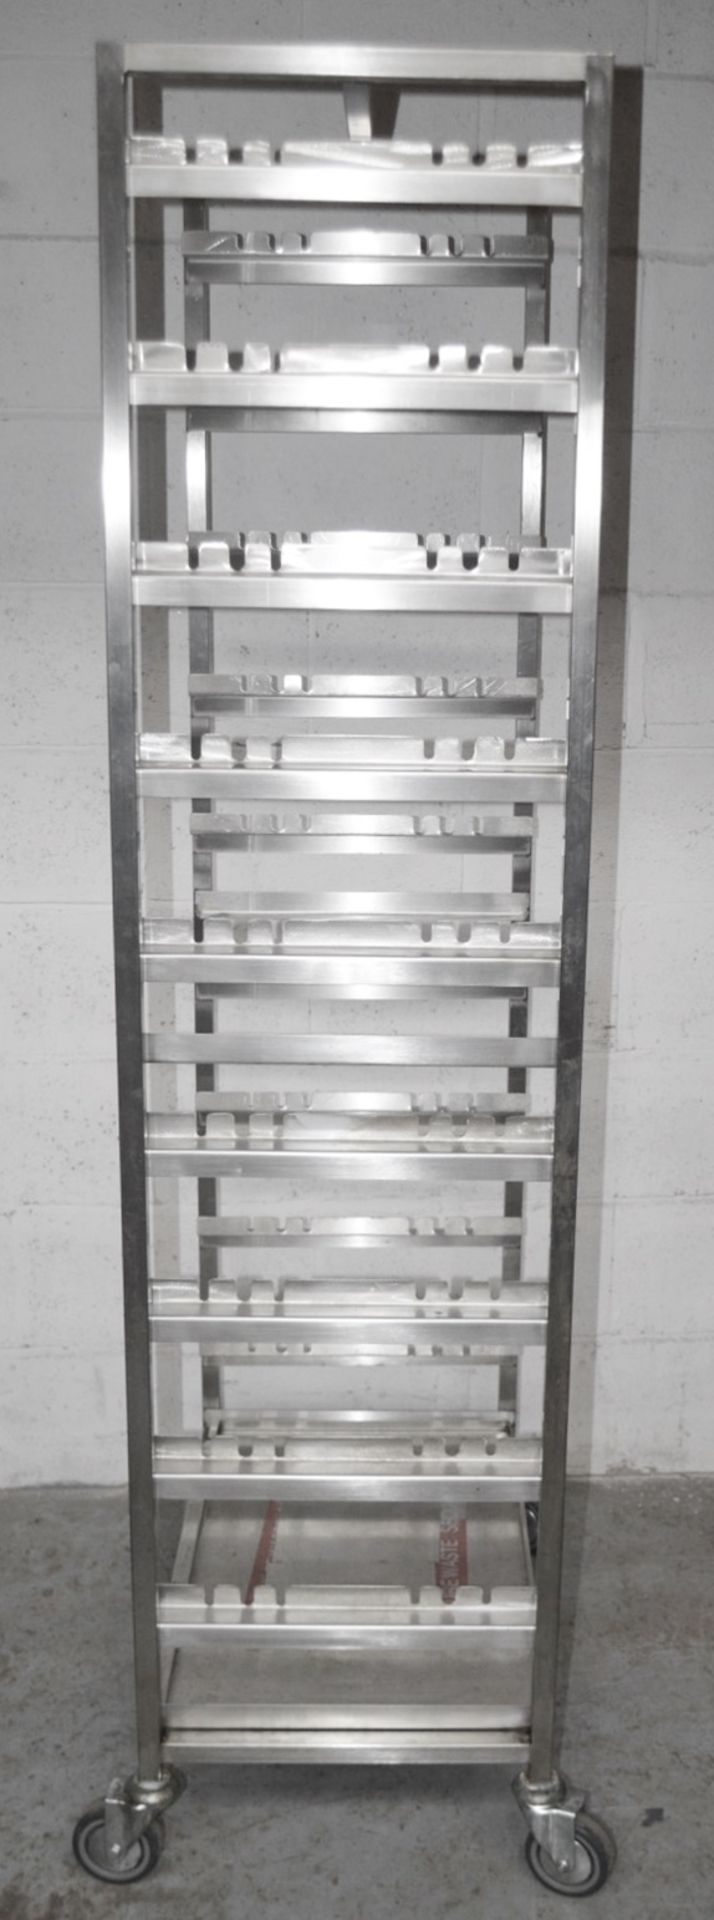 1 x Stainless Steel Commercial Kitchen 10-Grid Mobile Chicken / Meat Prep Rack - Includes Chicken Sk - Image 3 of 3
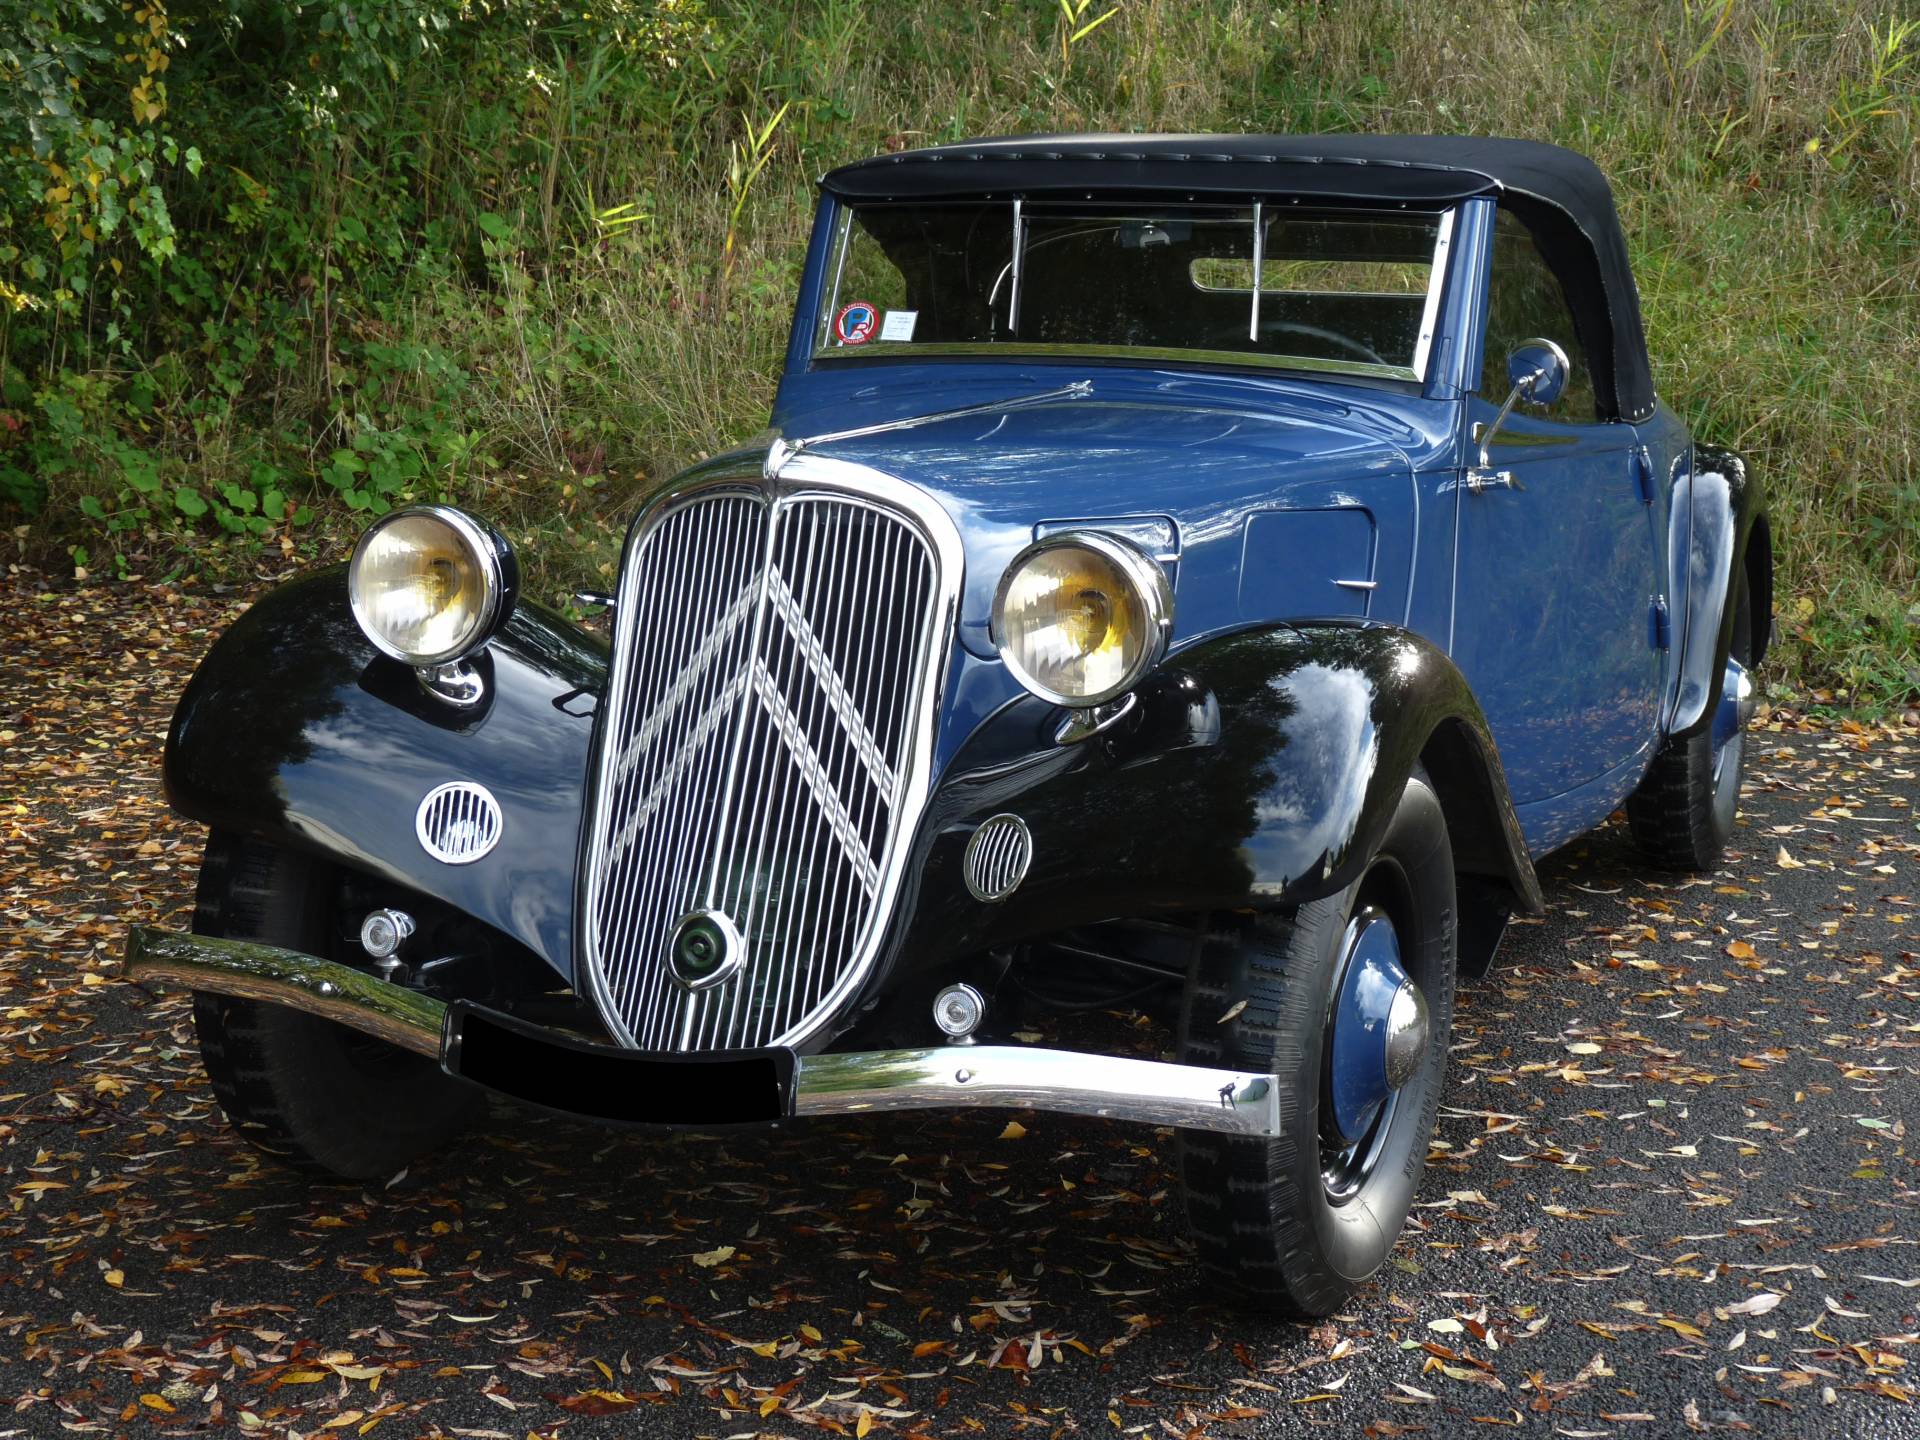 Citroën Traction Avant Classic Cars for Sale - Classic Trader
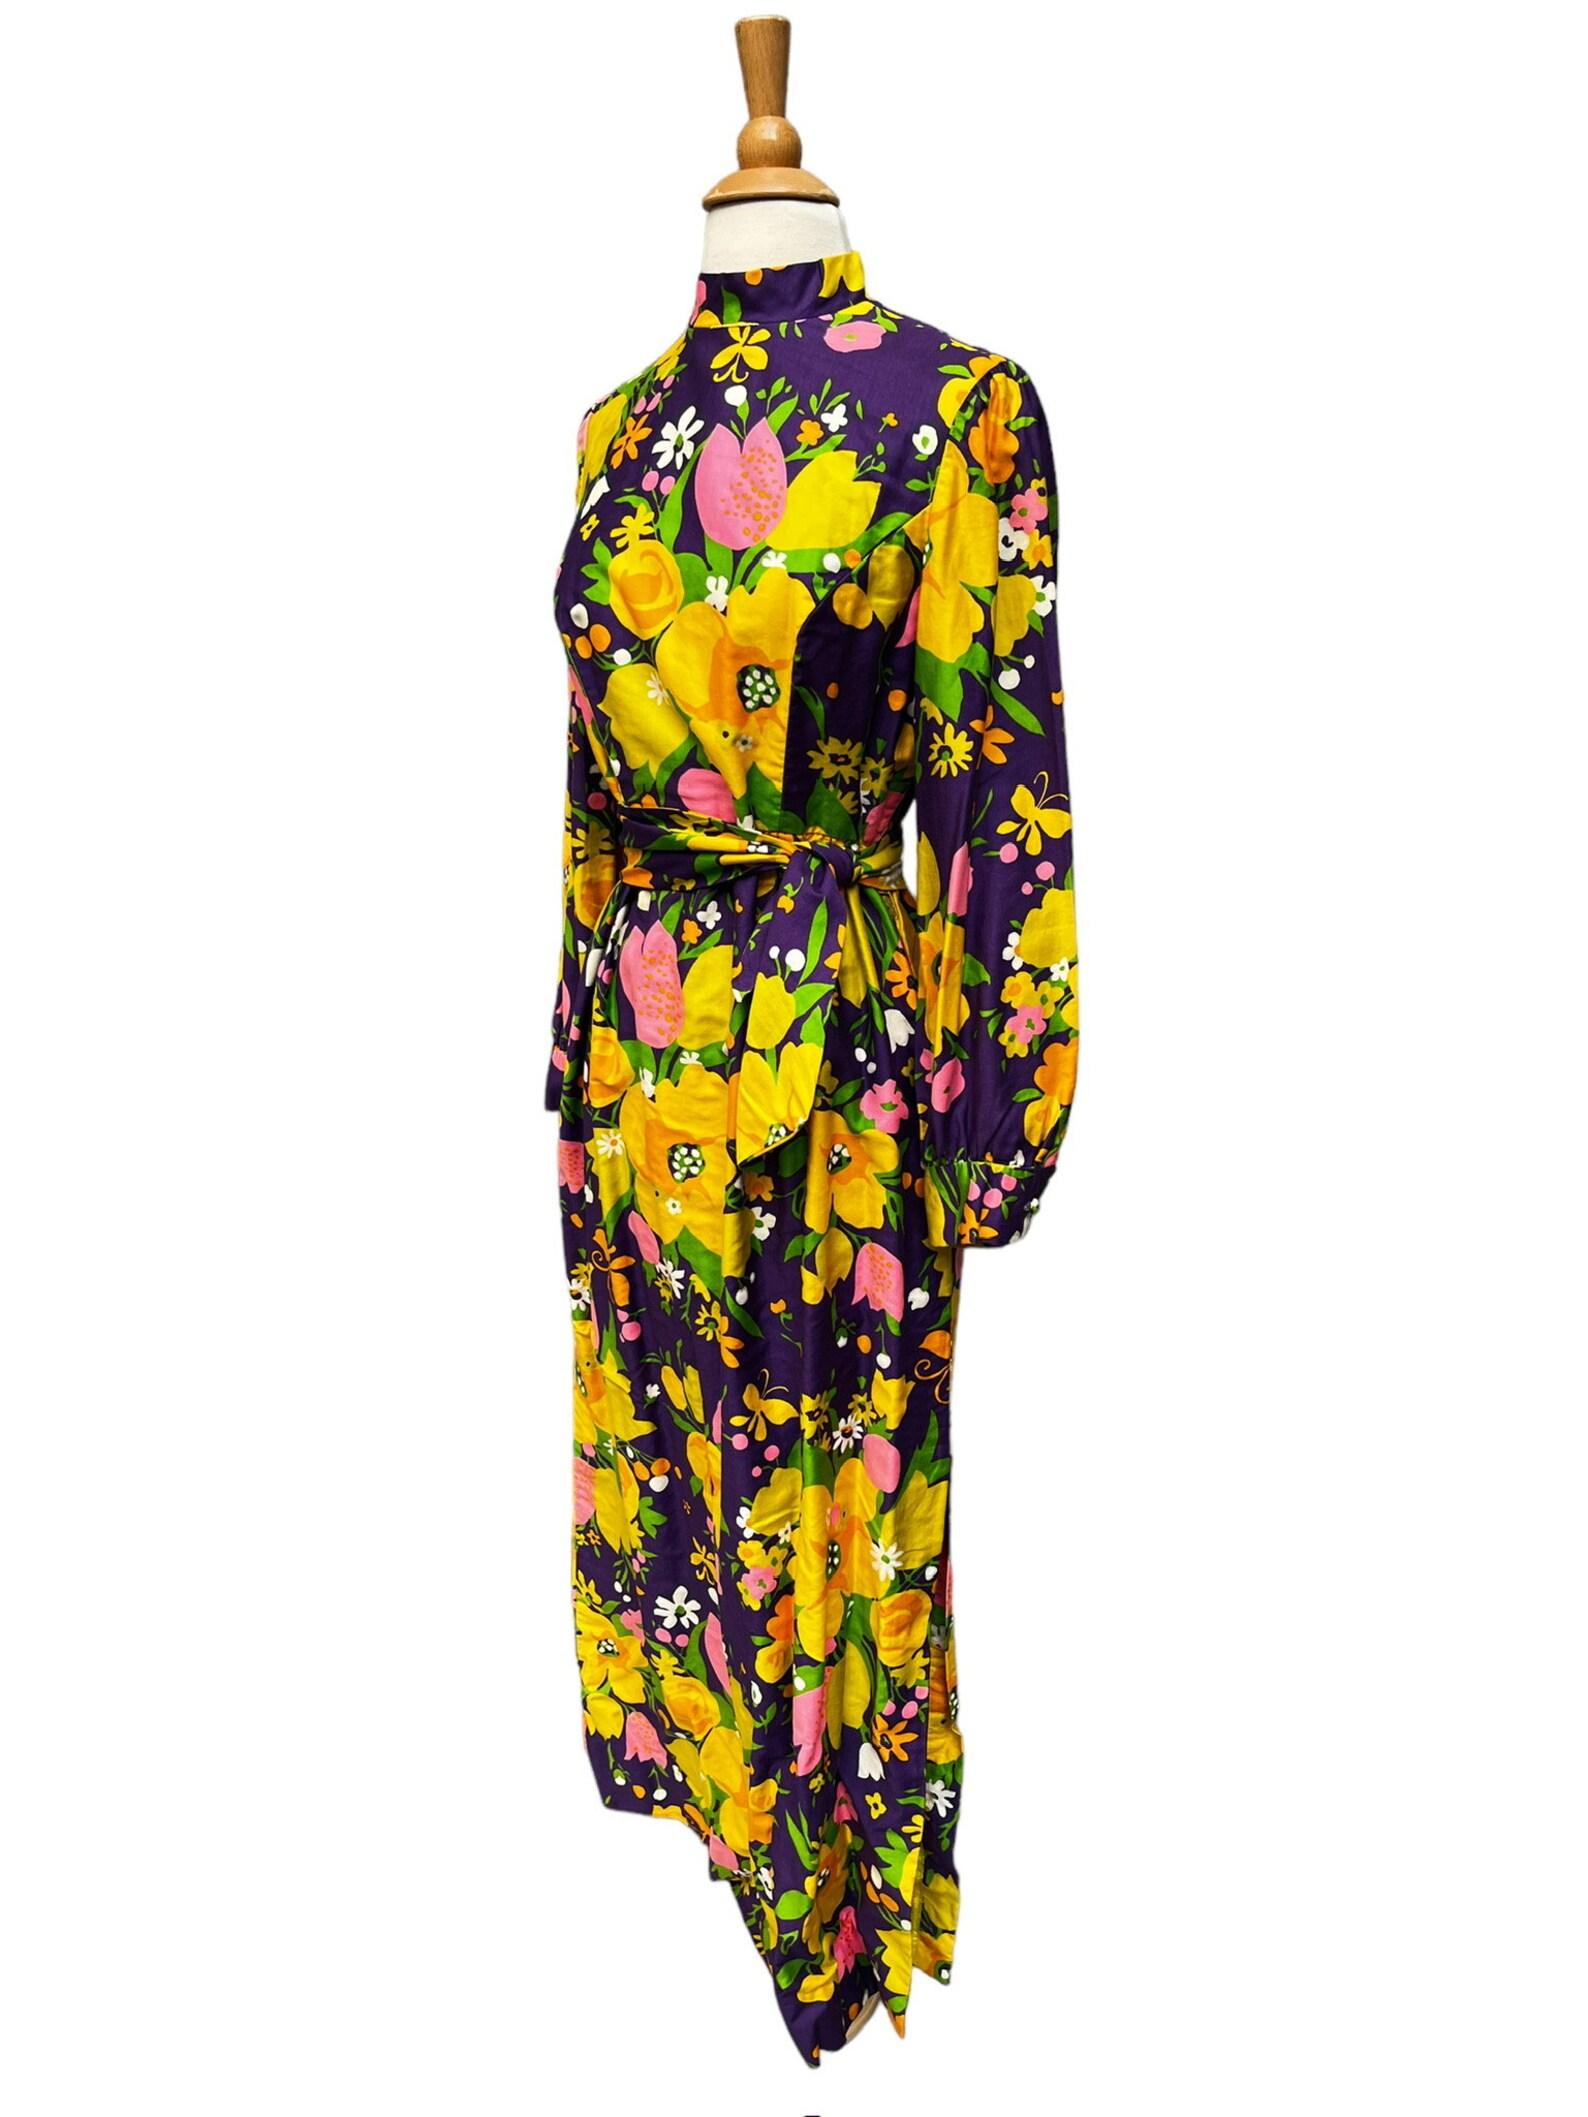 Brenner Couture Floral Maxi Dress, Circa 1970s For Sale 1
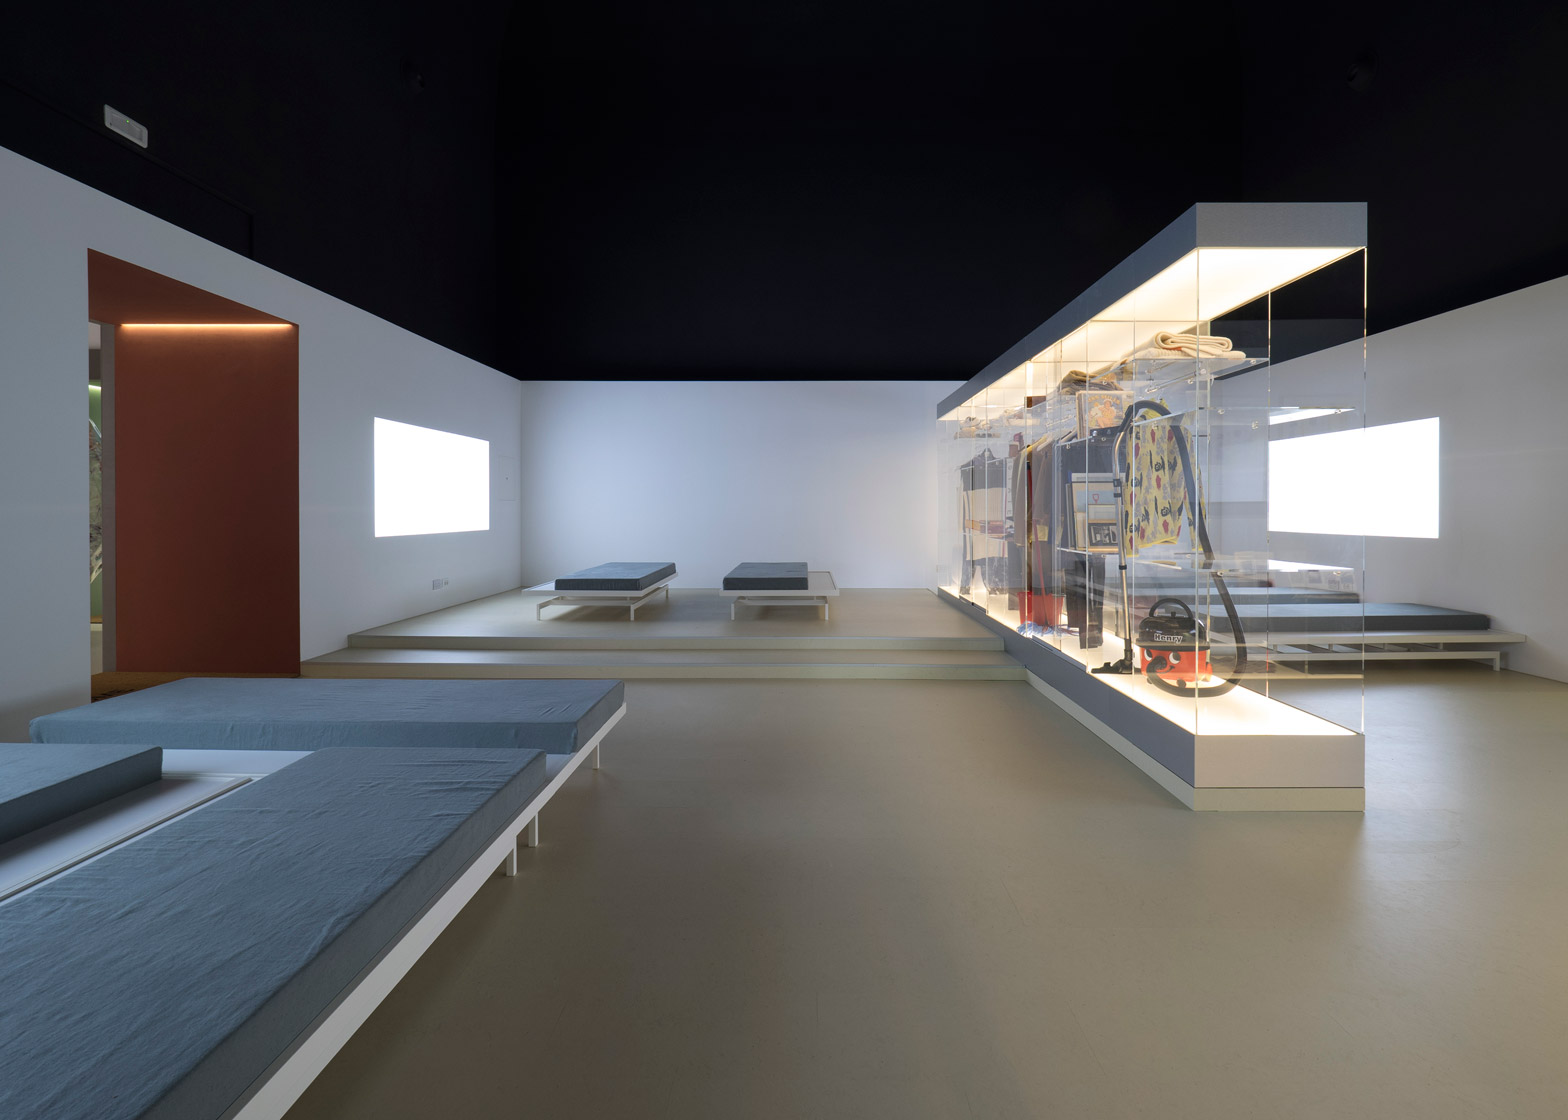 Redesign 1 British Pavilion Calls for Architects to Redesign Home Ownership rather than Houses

### [Problem to solve]
Retype the data above as given, letting no picture into the copy.

### [Reply]
 1 x Stainless Steel Commercial Kitchen 10-Grid Mobile Chicken / Meat Prep Rack - Includes Chicken Sk - Image 3 of 3
 Citroën Traction Avant Classic Cars for Sale - Classic Trader
 Brenner Couture Floral Maxi Dress, Circa 1970s For Sale 1
 Redesign 1 British Pavilion Calls for Architects to Redesign Home Ownership rather than Houses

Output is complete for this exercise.